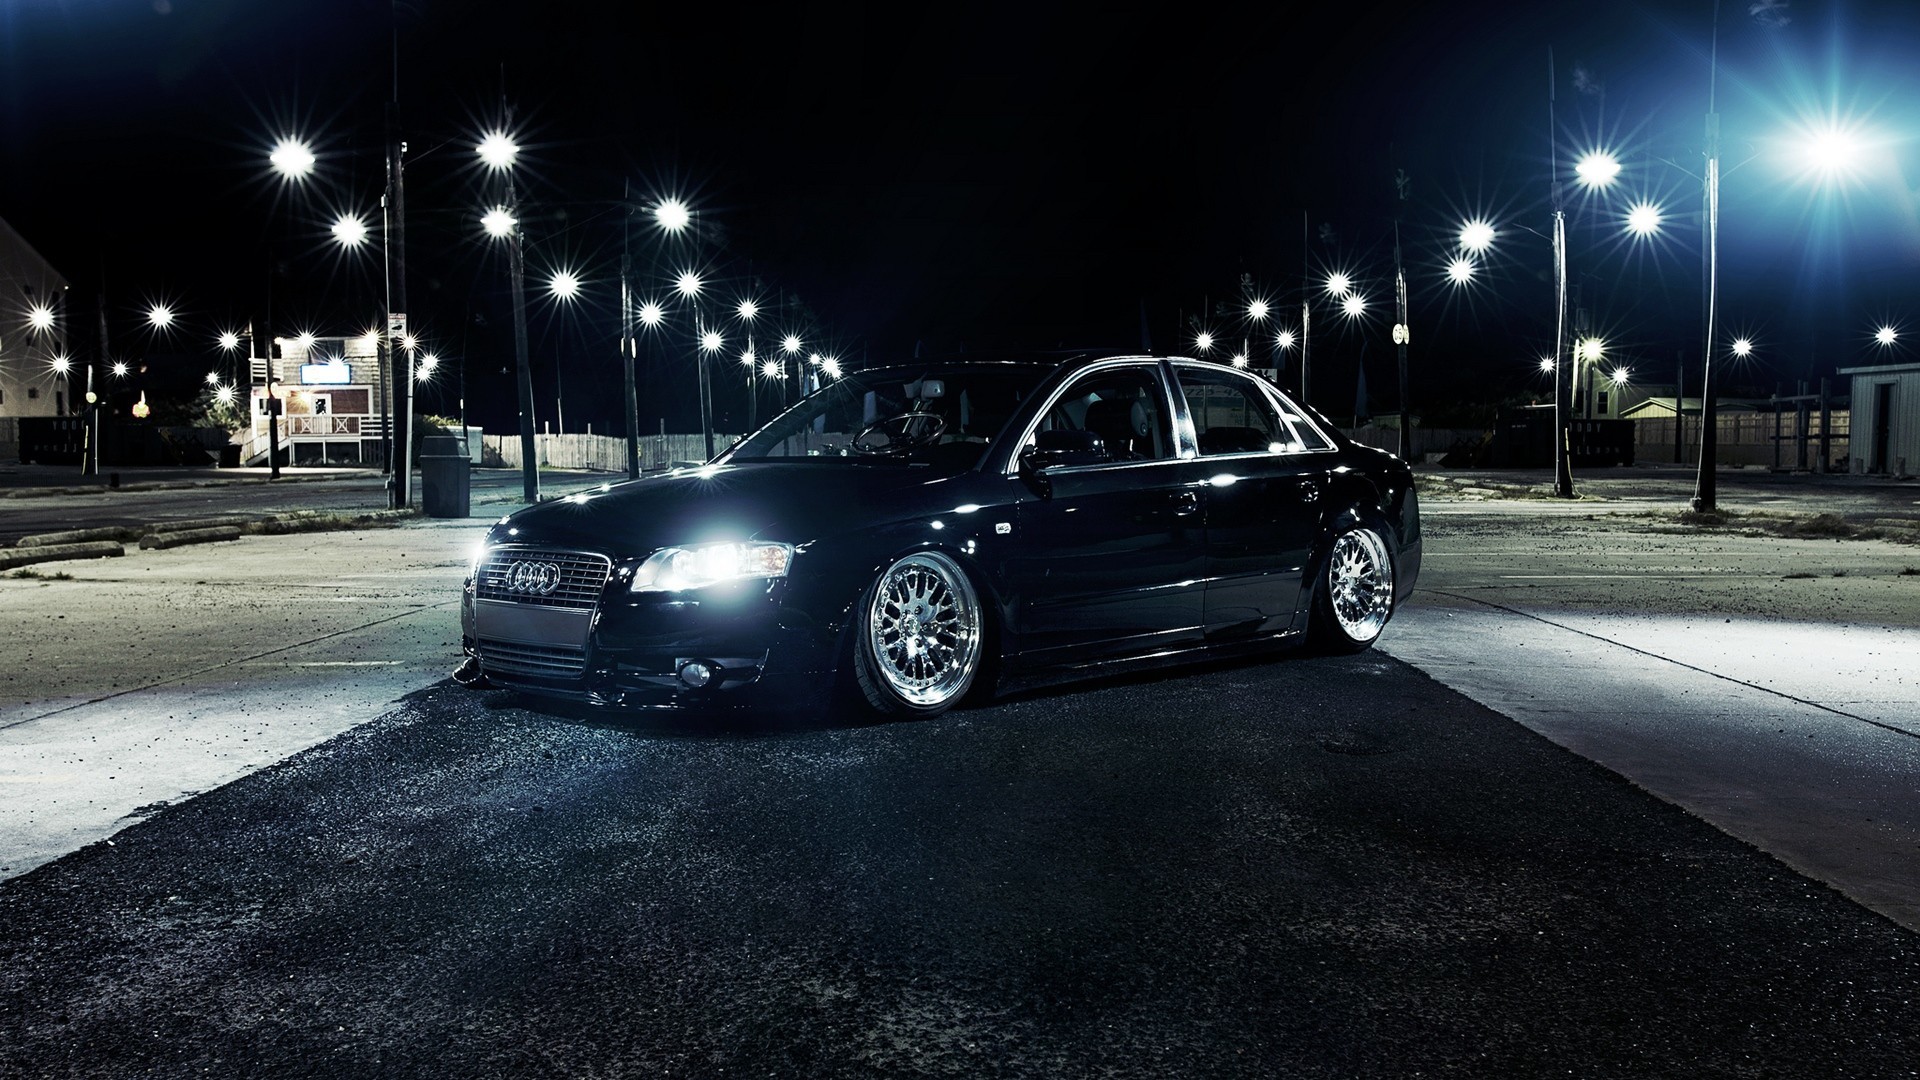 Audi A4 1920×1080 Need #iPhone S #Plus #Wallpaper / #
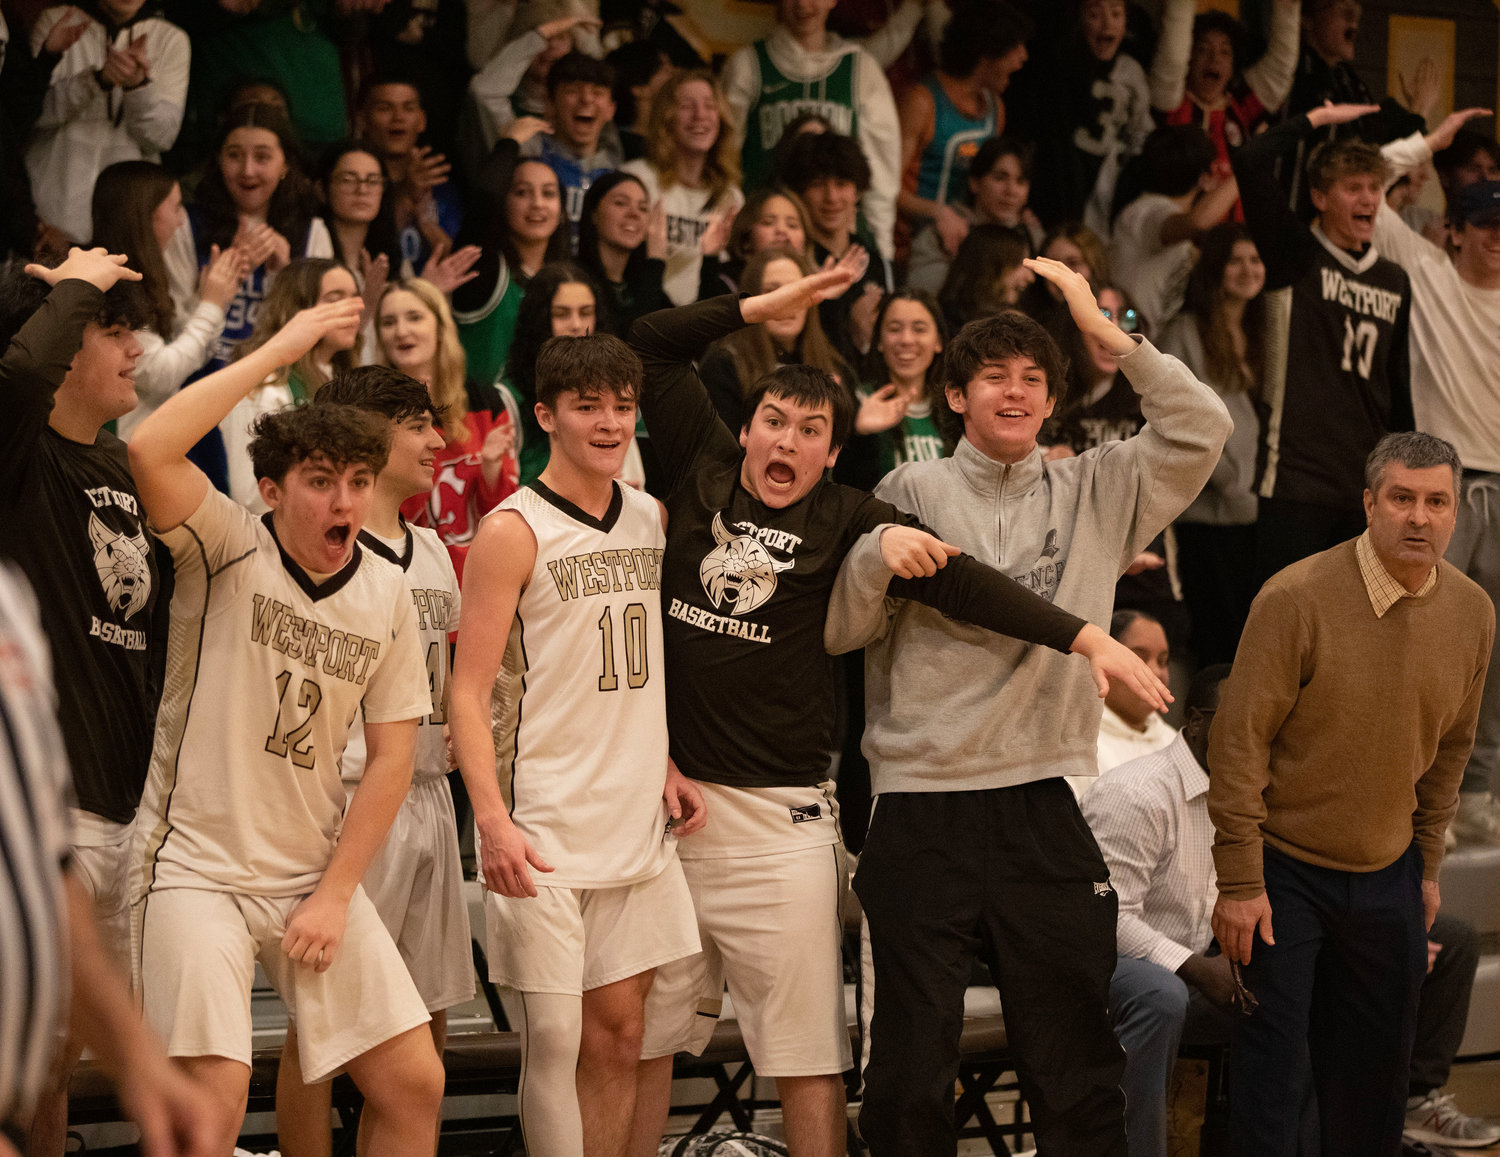 The Wildcats bench ignites after Hunter Brodeur sinks a basket to give Westport a 55-54 lead late in the fourth quarter.
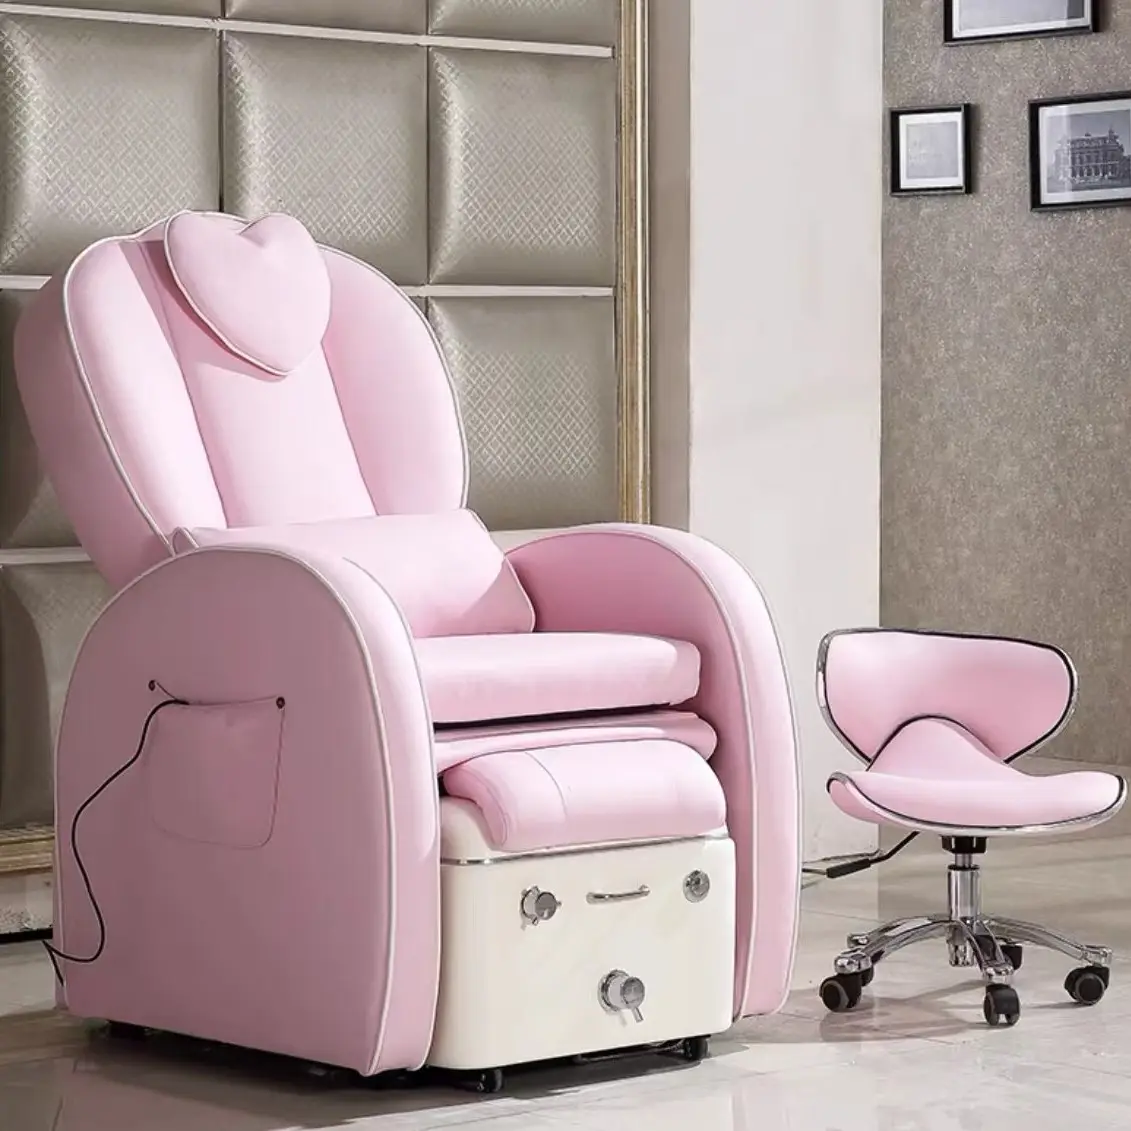 Fabricante Beauty Nail Salon Furniture No Plomería Luxury Pink Relax Massage Foot Spa Pedicure Chair
-=-=-=-=-
ACTION ITEM:
The whole listing is to be retyped exactly, with its pictures removed.

SOLUTION TO THE PROBLEM:
 Audi A4 1920×1080 Need #iPhone S #Plus #Wallpaper / #
 The Wildcats bench ignites after Hunter Brodeur sinks a basket to give Westport a 55-54 lead late in the fourth quarter.
 Fabricante Beauty Nail Salon Furniture No Plomería Luxury Pink Relax Massage Foot Spa Pedicure Chair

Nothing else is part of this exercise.